This patch started off a lot smaller, but then I discovered that bitcasts seem to always complicate the relatively simple pattern of:
// extract (binop (concat X1, X2), (concat Y1, Y2)), N --> binop XN, YN
...and that made the code grow.
Hopefully, I've added enough comments to avoid too much confusion. If there's any way to simplify this, I'd be happy to hear it.
The TODO about extending to more than bitwise logic is there because we really will regress several x86 tests including madd, psad, and even a plain integer-multiply-by-2 or shift-left-by-1. I don't think there's anything fundamentally wrong with this patch that would cause those regressions; those folds are just missing or brittle.

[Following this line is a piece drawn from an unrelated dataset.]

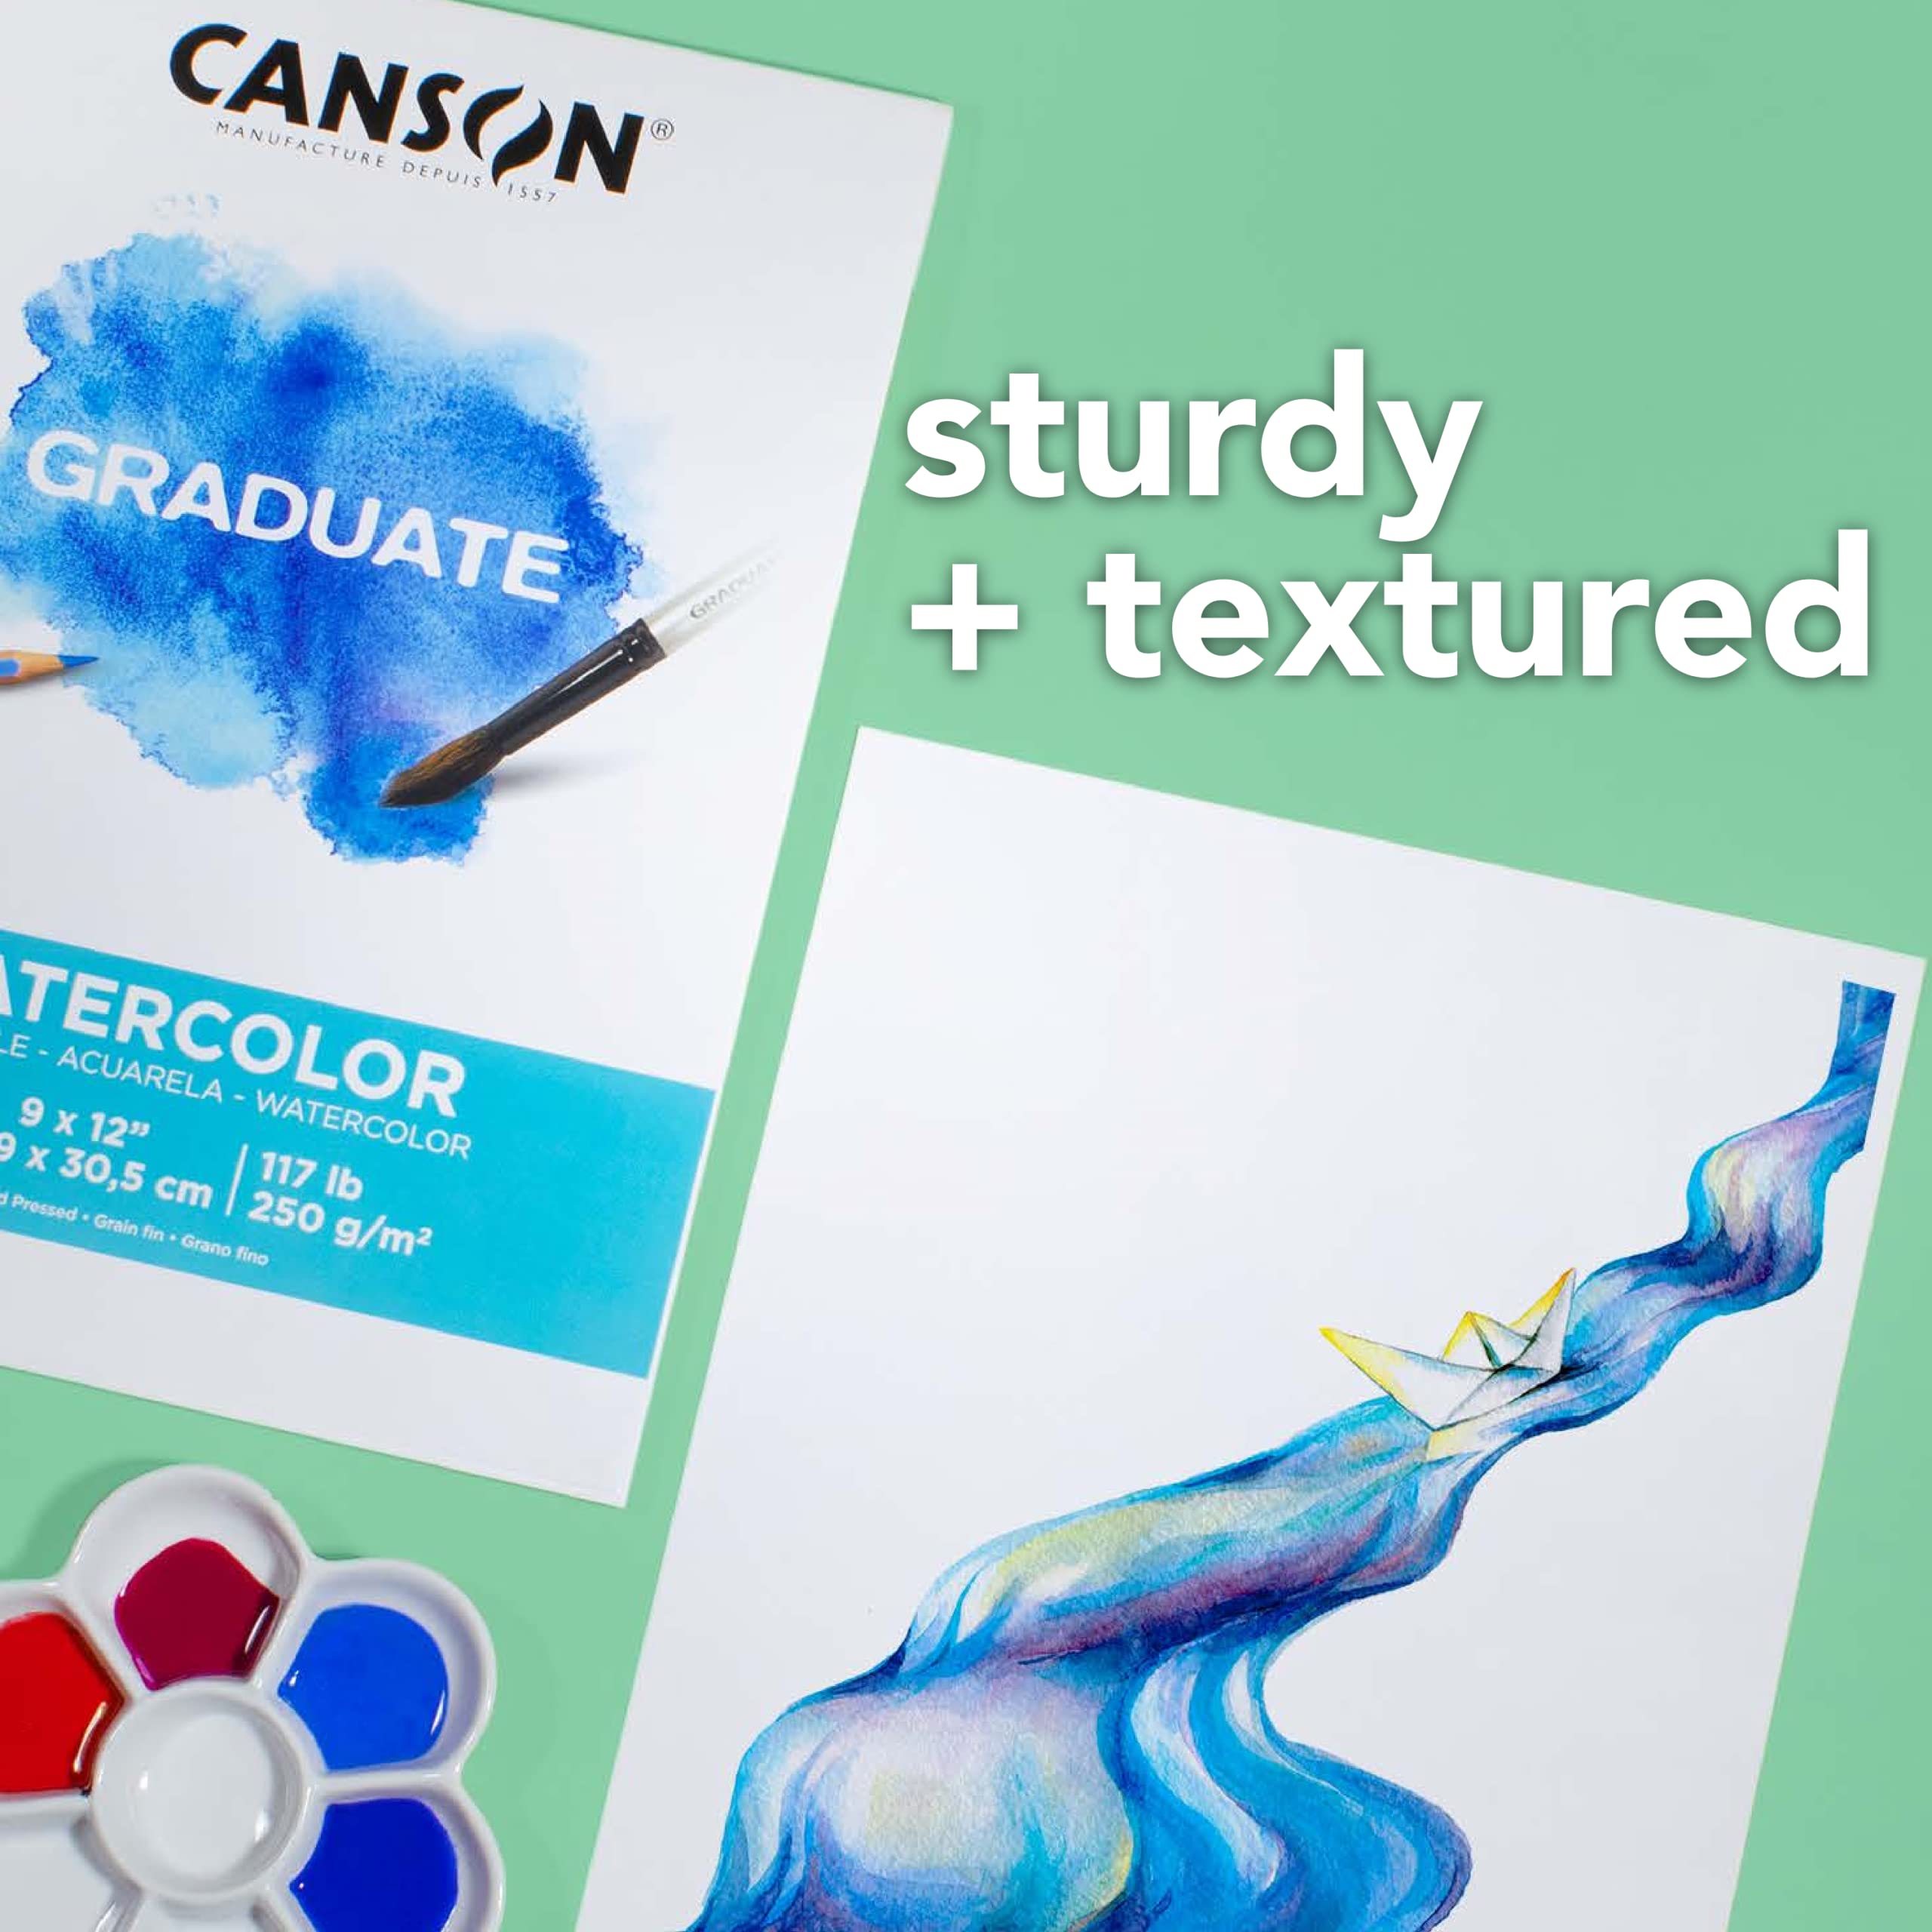 Canson Graduate Watercolor Pad, Foldover, 9x12 inch, 20 Sheets | Artist Paper for Adults and Students - Painting, Gouache, Mixed Media and Ink

If we extend to more binops, I found that this patch will fire on at least one non-x86 regression test. There's an ARM NEON test in test/CodeGen/ARM/coalesce-subregs.ll with a pattern like:
t5: v2f32 = vector_shuffle<0,3> t2, t4 t6: v1i64 = bitcast t5 t8: v1i64 = BUILD_VECTOR Constant:i64<0> t9: v2i64 = concat_vectors t6, t8 t10: v4f32 = bitcast t9 t12: v4f32 = fmul t11, t10 t13: v2i64 = bitcast t12 t16: v1i64 = extract_subvector t13, Constant:i32<0>
There was no functional change in the codegen from this transform from what I could see though.
For the x86 test changes:
- PR32790() is the closest call. We don't reduce the AVX1 instruction count in that case, but we improve throughput. Also, on a core like Jaguar that double-pumps 256-bit ops, there's an unseen win because two 128-bit ops have the same cost as the wider 256-bit op. SSE/AVX2/AXV512 are not affected which is expected because only AVX1 has the extract/concat ops to match the pattern.
- do_not_use_256bit_op() is the best case. Everyone wins by avoiding the concat/extract. Related bug for IR filed as: https://bugs.llvm.org/show_bug.cgi?id=33026
- The SSE diffs in vector-trunc-math.ll are just scheduling/RA, so nothing real AFAICT.
- The AVX1 diffs in vector-tzcnt-256.ll are all the same pattern: we reduced the instruction count by one in each case by eliminating two insert/extract while adding one narrower logic op.
visitEXTRACT_SUBVECTOR is doing quite a bit of similar stuff already (constant index, peeling through bitcasts of the source vector, etc.) is it worth reusing some of that?